The ORR is derived as the sum of the number of patients with a confirmed CR or partial response (PR) divided by the number of patients in the All-Treated analysis set x 100%.

Time frame: Through 4 years

Secondary Outcomes

Number of Participants With Stable Disease

Participants will be evaluated at 6 and 12 weeks for response.

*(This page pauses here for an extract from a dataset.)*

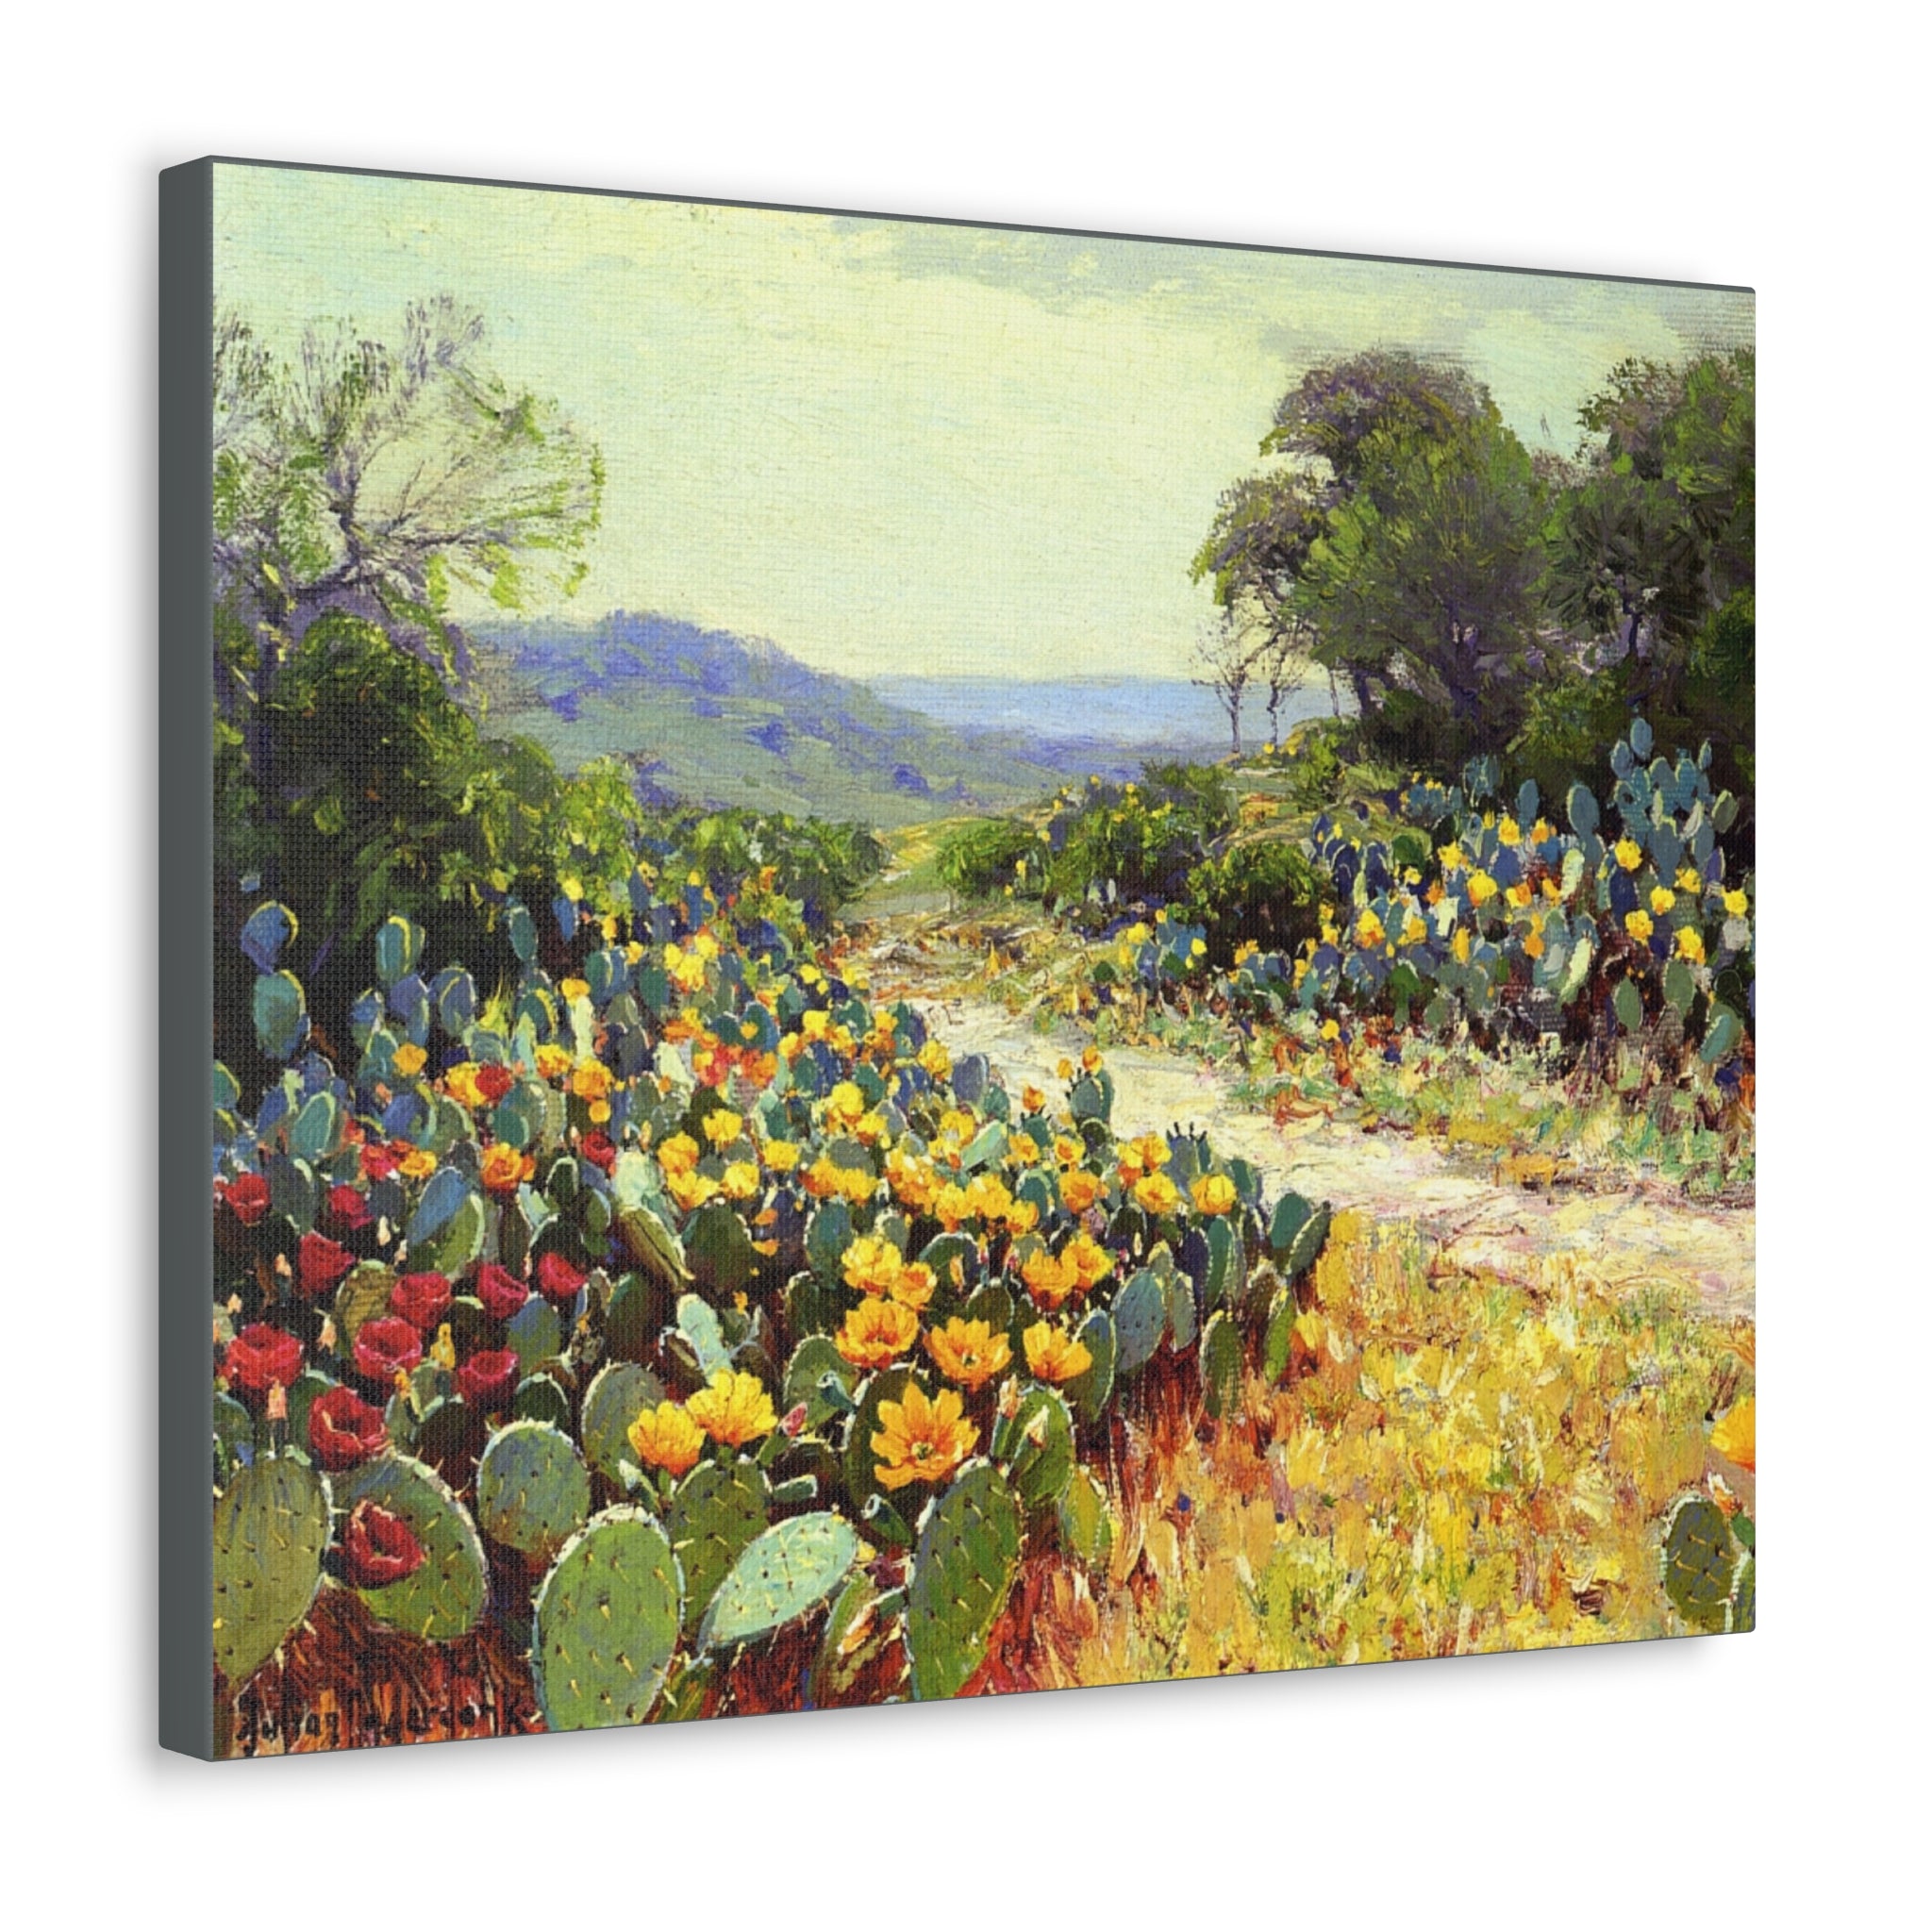 Cactus in Bloom - Julian Onderdonk - Canvas Gallery Wraps
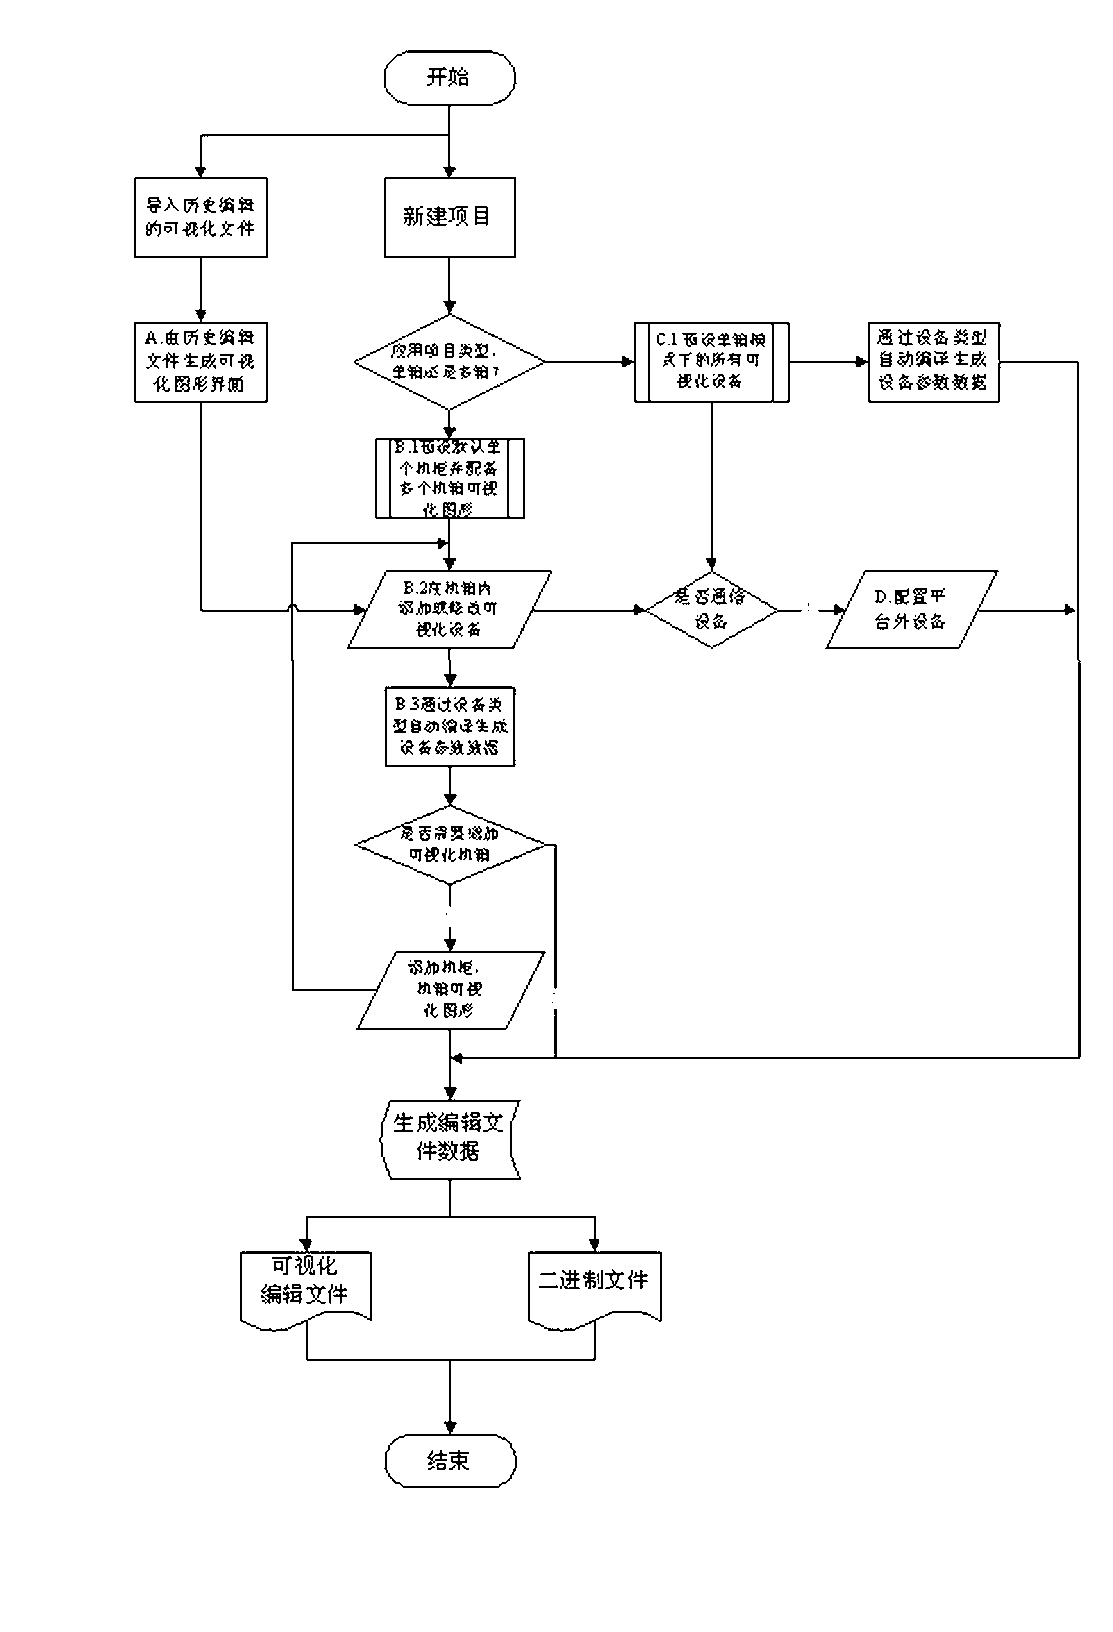 Visualization graph edition configuration method for equipment parameters of computer platform

Time frame: 6 weeks, 12 weeks

Progression-free Survival (PFS) and Overall Survival (OS)

Time frame: 44.8 months

Locations

M D Anderson Cancer Center, Houston, United States

Linked Papers

2024-02-02

Efficacy and safety of autologous tumor-infiltrating lymphocytes in recurrent or refractory ovarian cancer, colorectal cancer, and pancreatic ductal adenocarcinoma

Background Tumor-infiltrating lymphocyte (TIL) therapy has shown efficacy in metastatic melanoma, non-small cell lung cancer, and other solid tumors. Our preclinical work demonstrated more robust CD8 predominant TIL production when agonistic anti-4-1BB and CD3 antibodies were used in early ex vivo TIL culture. Methods Patients with treatment-refractory metastatic colorectal (CRC), pancreatic (PDAC) and ovarian (OVCA) cancers were eligible. Lymphodepleting chemotherapy was followed by infusion of ex vivo expanded TIL, manufactured at MD Anderson Cancer Center with IL-2 and agonistic stimulation of CD3 and 4-1BB (urelumab). Patients received up to six doses of high-dose IL-2 after TIL infusion. Primary endpoint was evaluation of objective response rate at 12 weeks using Response Evaluation Criteria in Solid Tumors version 1.1 with secondary endpoints including disease control rate (DCR), duration of response, progression-free survival (PFS), overall survival (OS), and safety. Results 17 patients underwent TIL harvest and 16 were treated on protocol (NCT03610490), including 8 CRC, 5 PDAC, and 3 OVCA patients. Median age was 57.5 (range 33–70) and 50% were females. Median number of lines of prior therapy was 2 (range 1–8). No responses were observed at 12 weeks. Ten subjects achieved at least one stable disease (SD) assessment for a DCR of 62.5% (95% CI 35.4% to 84.8%). Best response included prolonged SD in a patient with PDAC lasting 17 months. Median PFS and OS across cohorts were 2.53 months (95% CI 1.54 to 4.11) and 18.86 months (95% CI 4.86 to NR), respectively. Grade 3 or higher toxicities attributable to therapy were seen in 14 subjects (87.5%; 95% CI 61.7% to 98.4%). Infusion product analysis showed the presence of effector memory cells with high expression of CD39 irrespective of tumor type and low expression of checkpoint markers. Conclusions TIL manufactured with assistance of 4-1BB and CD3 agonism is feasible and treatment is associated with no new safety signals. While no responses were observed, a significant portion of patients achieved SD suggesting early/partial immunological effect. Further research is required to identify factors associated with resistance and functionally enhance T cells for a more effective therapy.